Culture conflict in Australia : reactions to intergeneration disparity in second-generation immigrant and Australian adolescents
Abstract
The adolescent born into the host society of his immigrant
parents has to adapt to the cultures of both his parents and his peers,
yet has full recourse to neither. Culture conflict appears probable.
Conversely research on the contemporary Western adolescent describes
him as maturing into a rapidly changing society so different from that
in which his parents grew up that he too is in a state essentially of
culture conflict. Literature on the adolescent and Australian immigration
predicted greater conflict for immigrants' children, although some
writers expected less than that found in the United States.
Questionnaires were administered in the Melbourne homes of
107 second generation 14-lö-year-olds and their parents from the United
Kingdom, Holland, Germany, Italy and Greece, plus 39 Australian children
and their parents, matched on the child's age, sex, scholastic achievement,
religion, and socioeconomic status of parents.
Absolute differences on items of two value scales indicated
degree of disparity between the social norms of the child and those
of his parents. Australianism Disparity measured disagreement on broad
social issues, and Intergeneration Disparity on familial norms. Categories
of predicted adolescent reactions to conflict derived from consistency
theory were rejection of parents, rejection of peers, rejection
of social mores, and alienation. Instruments designed to measure
these variables were satisfactory, excepting indices of Australianism
Disparity and identification with parents.
Australian children scored higher on Australianism Disparity
than immigrants, especially Northwest Europeans.
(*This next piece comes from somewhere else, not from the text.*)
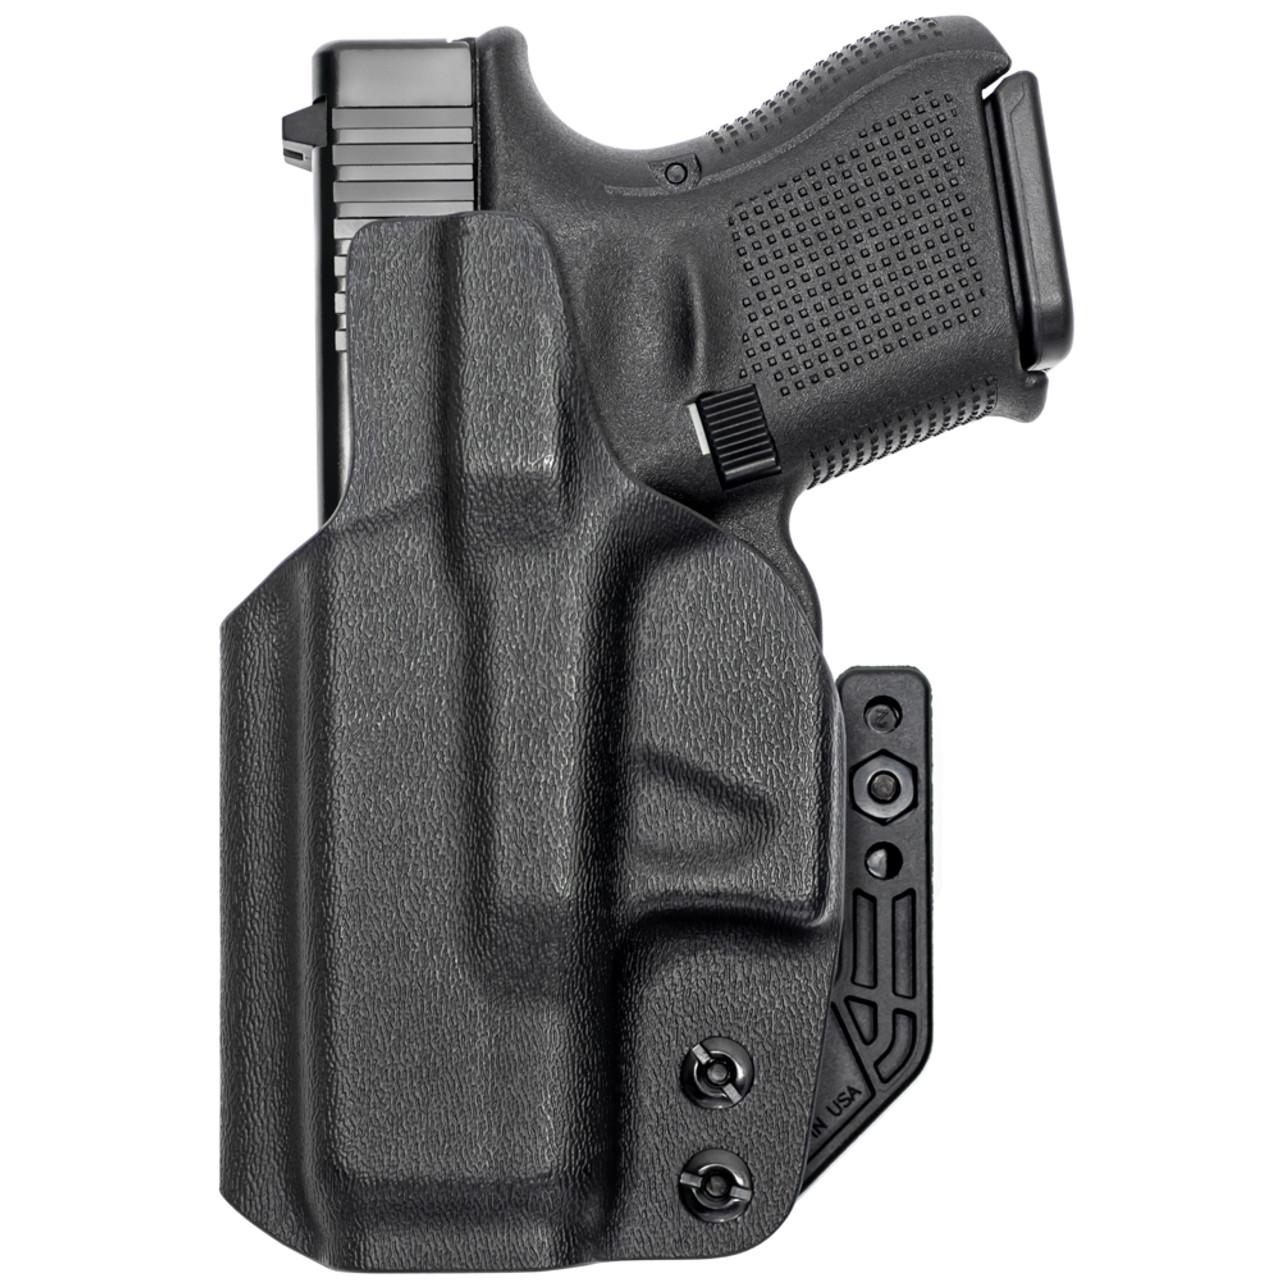 Glock 26/27/28/33 - OATH IWB Holster
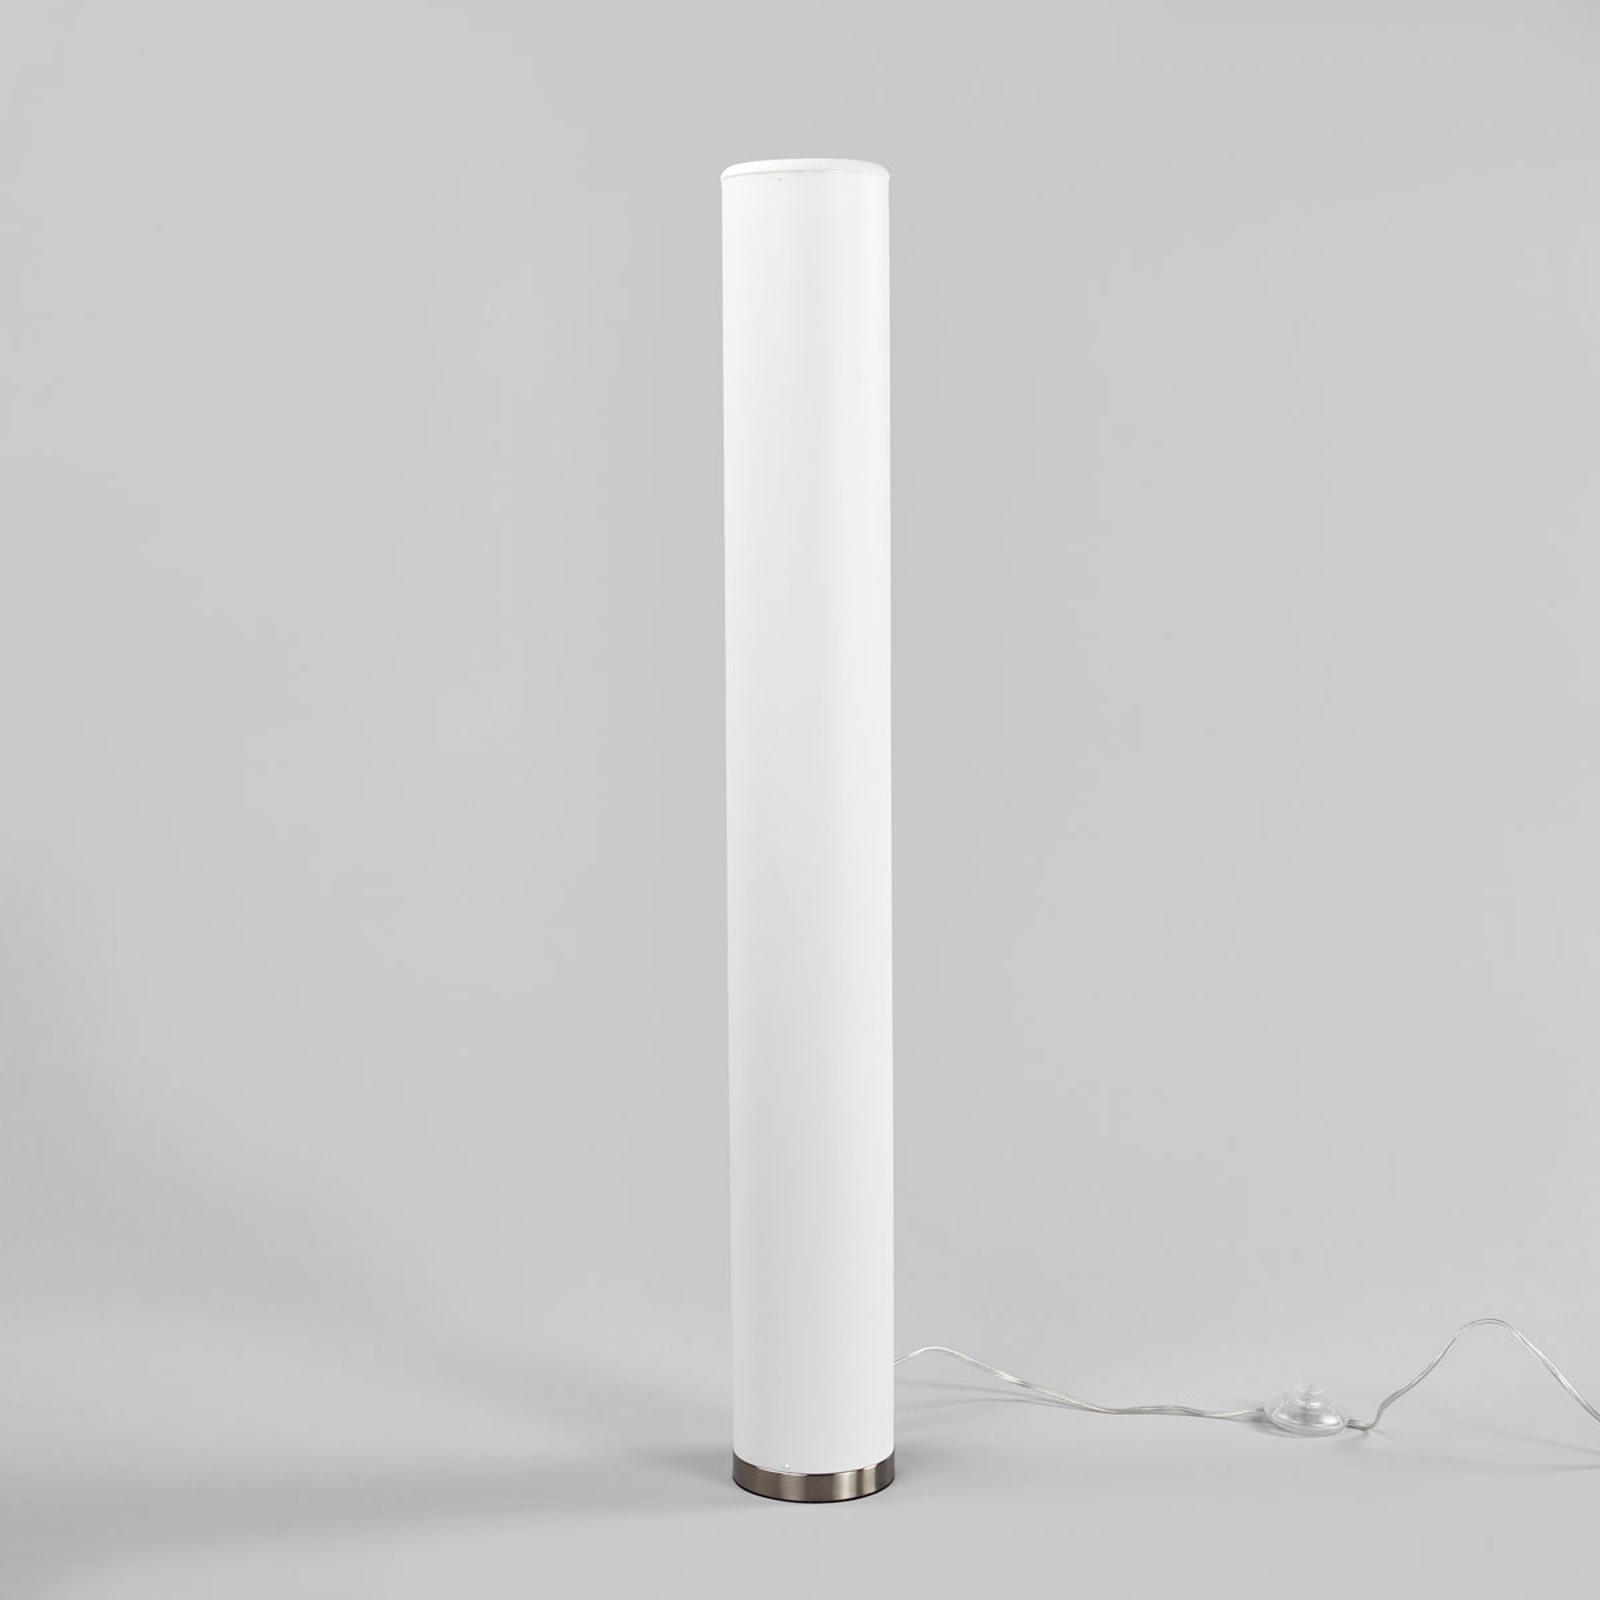 Stehlampe Glas Bunt

I-G Disparity means did not differ as all children reported some disagreement, but did not
realise how great i t was and all groups thought, their peers were less
conforming than they were themselves. Northwest European children
identified more closely with their parents than Australian or United
Kingdom children. Peer-group identification was highest in United Kingdom
children and lowest in Northwest European children. Rejection of
social mores by Northwest Europeans was less than by Australian and
United Kingdom children. European children evinced less alienation
than Australian or United Kingdom adolescents, although the means for
all groups were above the third quartile of Hughes' adult standardisation
sample. Children of all groups scored higher than their parents
on Australianism, when scored following Taft's original specifications,
but the difference was greater for European than for Australian or
United Kingdom children.
Australianism Disparity correlated with rejection of social
mores, especially for Southern European children, but did not predict
other reactions for any group. Greater I-G Disparity predicted stronger
rejection of parents, particularly in European children, although
Southern European adolescents in conflict at the same time gave evidence
of attempting to identify with both parents and peers. It correlated
with identification with peers, but most strongly for United Kingdom
and Southern European children. Both rejection of social mores and
alienation were predicted by I-G Disparity for all groups.
Thus disparity of norms between parents and child predicted rejection
of parents by European subjects, identification with peers by
United Kingdom and Southern European children, and rejection of society and its conventions by all groups. Although conflict reactions were
more widespread in Southern European children than in others, the
strongest finding was that all groups experienced conflict and reacted
by rejecting adult society and its mores. Second-generation adolescents,
and especially Southern Europeans, were in somewhat greater conflict
than were Australians, but this was a small proportion of the dis sat isfaction
with adult society evident in all groups. Although the nature
and extent of the conflict aroused varied to some degree in the children
interviewed, the generation gap and its consequences were substantial
both in second-generation adolescents and in their Australian peers.